Your ability to go over the top of this deck, especially with Haunted Cloak or Gilded Pinions giving you evasion, makes the engines of Rakdos Sacrifice much less effective. You really only need Glass Casket to answer Mayhem Devil and various threats left unprotected by an Oven, but if you can keep Devil off the table, you can run through their game-plan quickly as Rakdos Sacrifice has virtually no answers to a Colossus.

Tips and Tricks

  • Your can tap your equipment with Moonsnare Prototype for mana and use that mana to equip them to Metalwork Colossus.
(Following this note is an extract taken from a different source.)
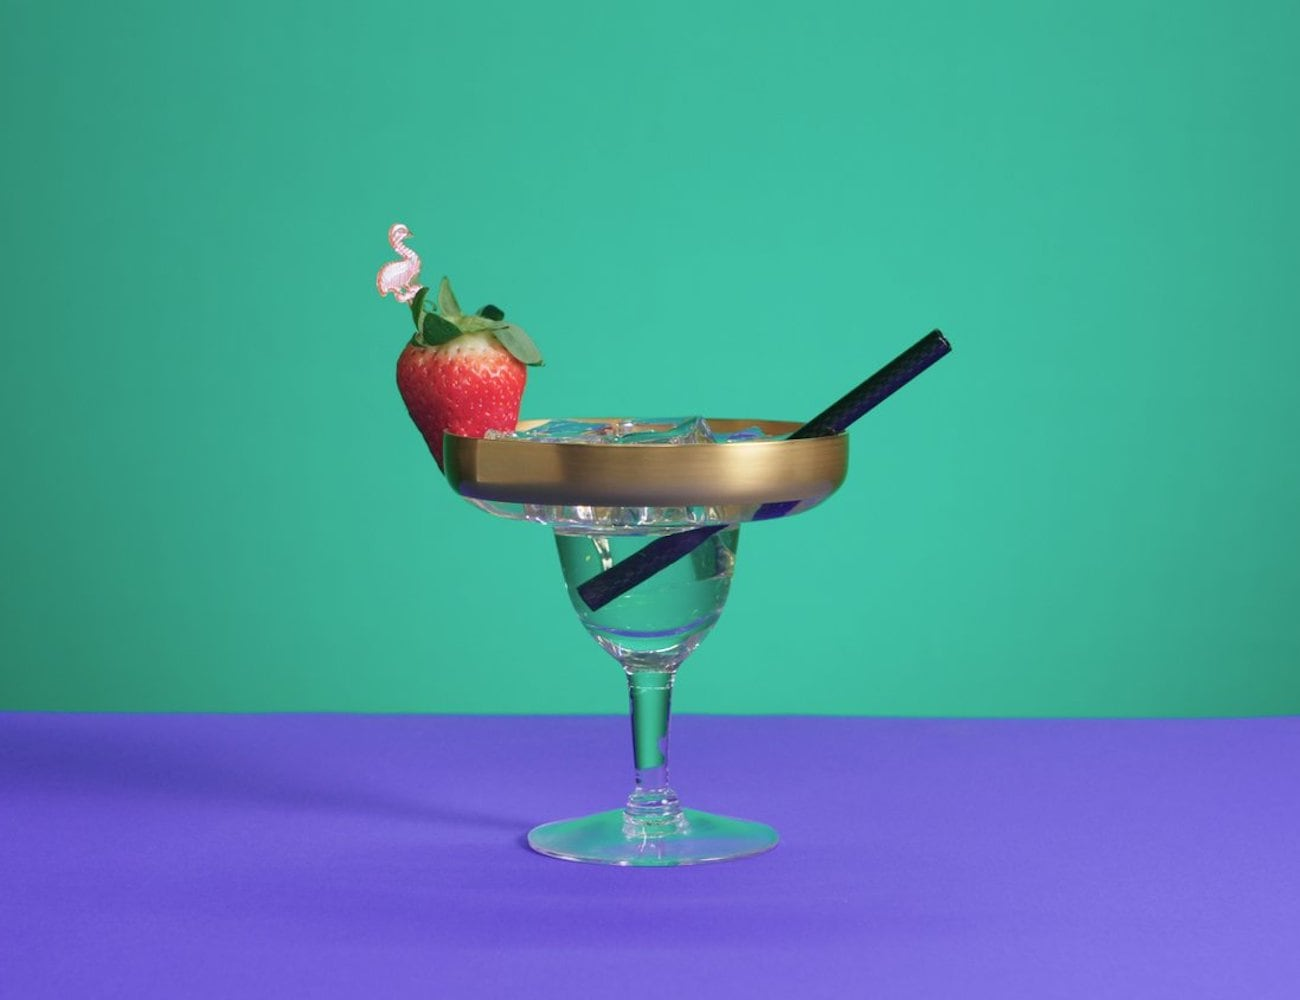 Lustir Carbon Fiber Drinking Straws are a stylish alternative to bendy straws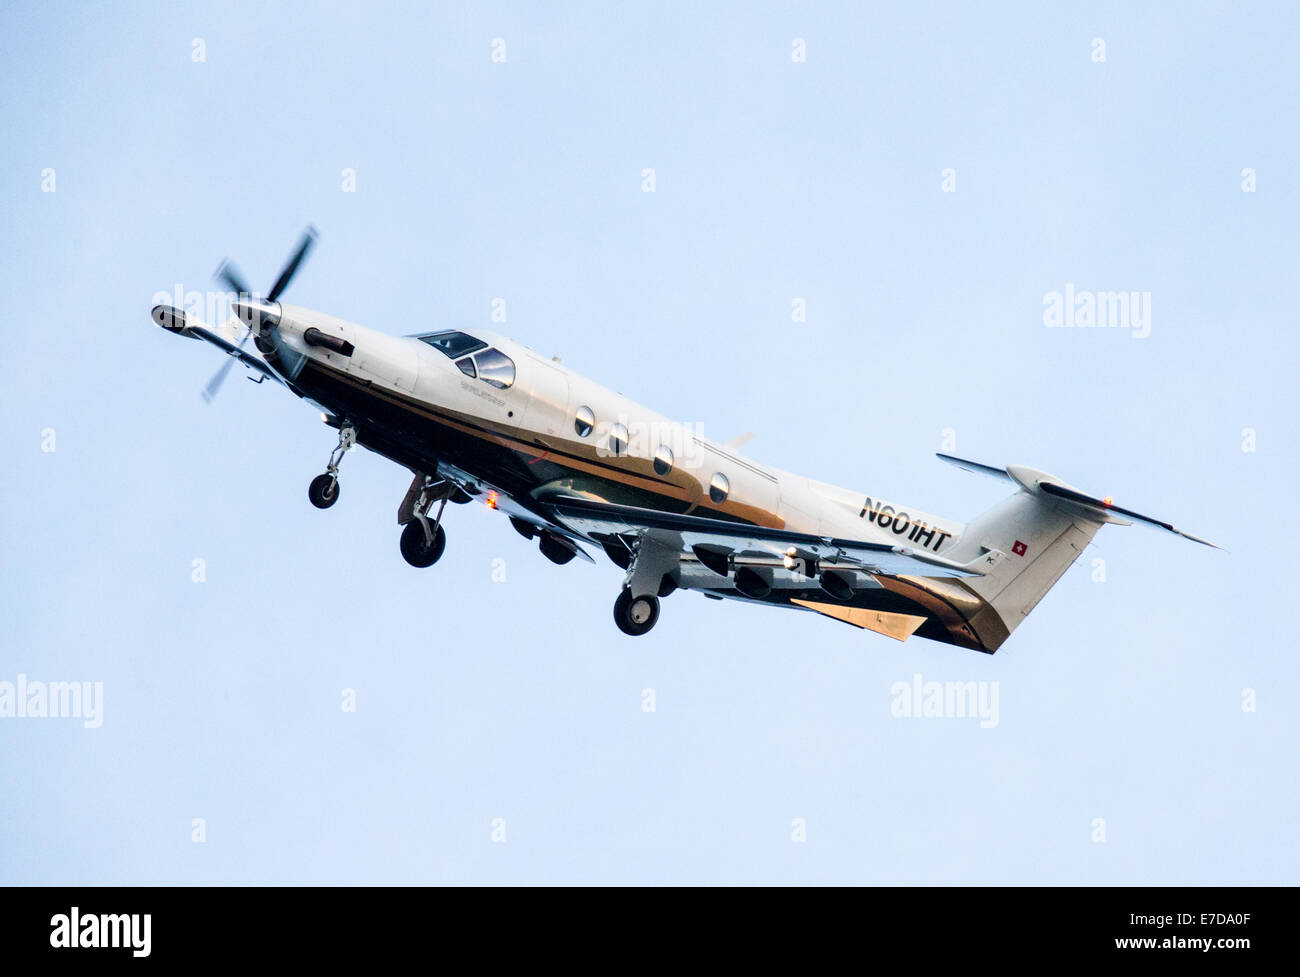 Swiss made, Pilatus PC-12 NG turboprop airplane preparing to land in Central Colorado, USA - Stock Image

Since Equipment doesn’t need to be untapped to function, it helps you maximize your mana and still get the best effects.
  • You always want to lead on Moonsnare Prototype when possible since it accelerates you and additional copies can be used as removal, but the first two copies tend to be best used as double mana accelerants and cost reducers.
  • You can only get one Ingenious Smith trigger per turn and that includes for lands, so you can play Darksteel Citadel as your land to trigger Smith on turns where you don’t have any other artifact spells to cast.
  • The chip damage from Glint-Nest Crane generally doesn’t matter as you are attacking in quantities of 10+, so try to keep your 1/3s back whenever you can to ensure you survive any surprise haste creatures.
  • You can use Spire of Industry, Prophetic Prism, or a treasure token to cast Jegantha, the Wellspring. The Elk isn’t just for show!

Wrapping Up

That’s it! Be sure to take this deck out for a spin at your local FNM or perhaps at your upcoming RCQ as it is a deceptively powerful deck that gets a lot of advantage from the suite of removal most decks play in Pioneer right now. Be sure to let me know over on Twitter how you like the deck and your best turn 3/4 Colossus pictures!

Thanks so much for reading and be sure to stay safe out there!